Becoming a fan is a rare occasion for me. I tend to be quite a fan of all of my friends; just not so often a fan of a famous strangers.. haha. I was so excited when I found out Jens was going to playing a set in Bloomington, IN the night before his birthday! I immediately bought tickets for me and my friend RON to go. The show was sold out at the Bishop 05/02/18. His set went past midnight and i felt so excited to share a space with him on his birhtday. I had made a birthday card in prepartation for the night and in it pointed out that he and I both had single digit, even numbered birthdays in the month of February. So cool. I got a hug, gave him his card, and stole the poster taped to the front window of the venue as RON and I stepped out into the still streets of the night. Unknown to us, it had started to snow while we were packed into the small, sweaty, dark venue... It was as if we had stepped outside into a cold glittering magic world. I felt so full of life, I could have flown! *RON wasn’t 21 yet, so the only place we could go to get food was this dodgey pizza place. (We walked to it.) We drove back to our University in Kentucky and called it a great night.

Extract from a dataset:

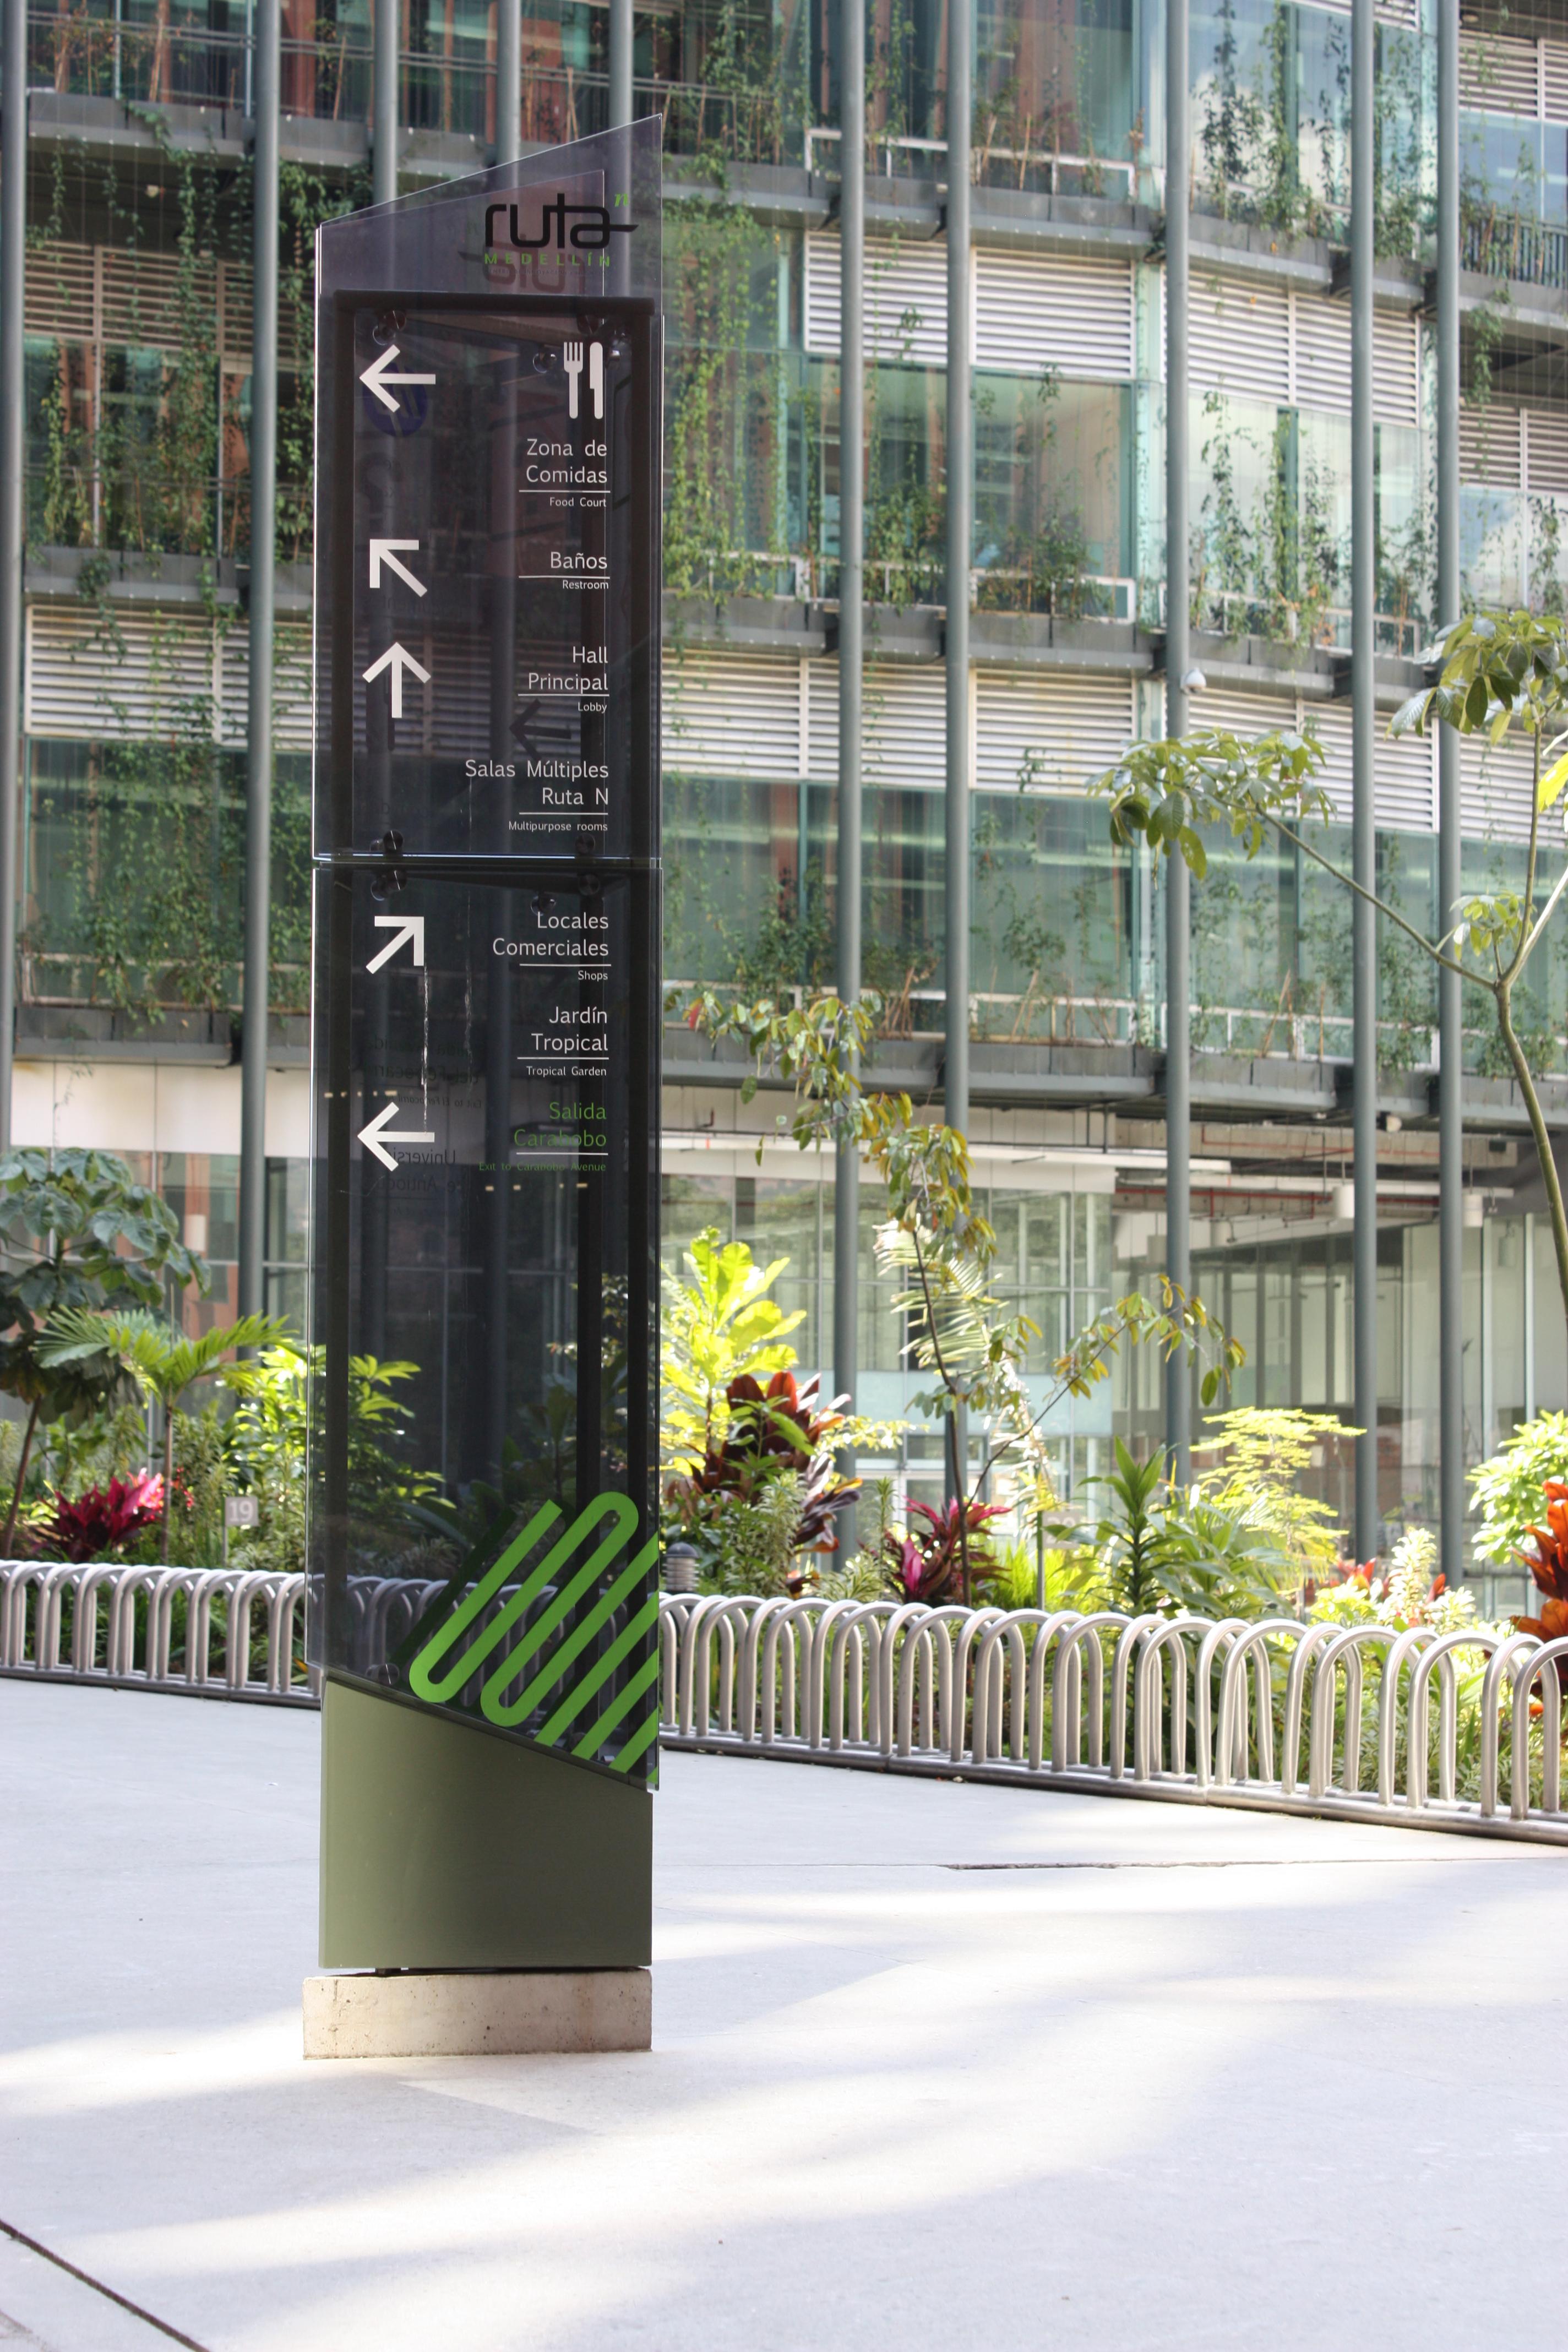 Ruta N 综合楼导视系统规划设计©eyemarca

“maybe Baby” by Bark Bark Disco was playing on the F.M. radio.
So... my first small talk is about Jens Lekman... I suppose. Seems appropriate to me. This website is technically “public” right now even as I type these words. However, I haven’t told anyone about it yet, so this small talk is just for me for now. And it will be for you, as soon I let you know that such a place as this exisists on the world of the web.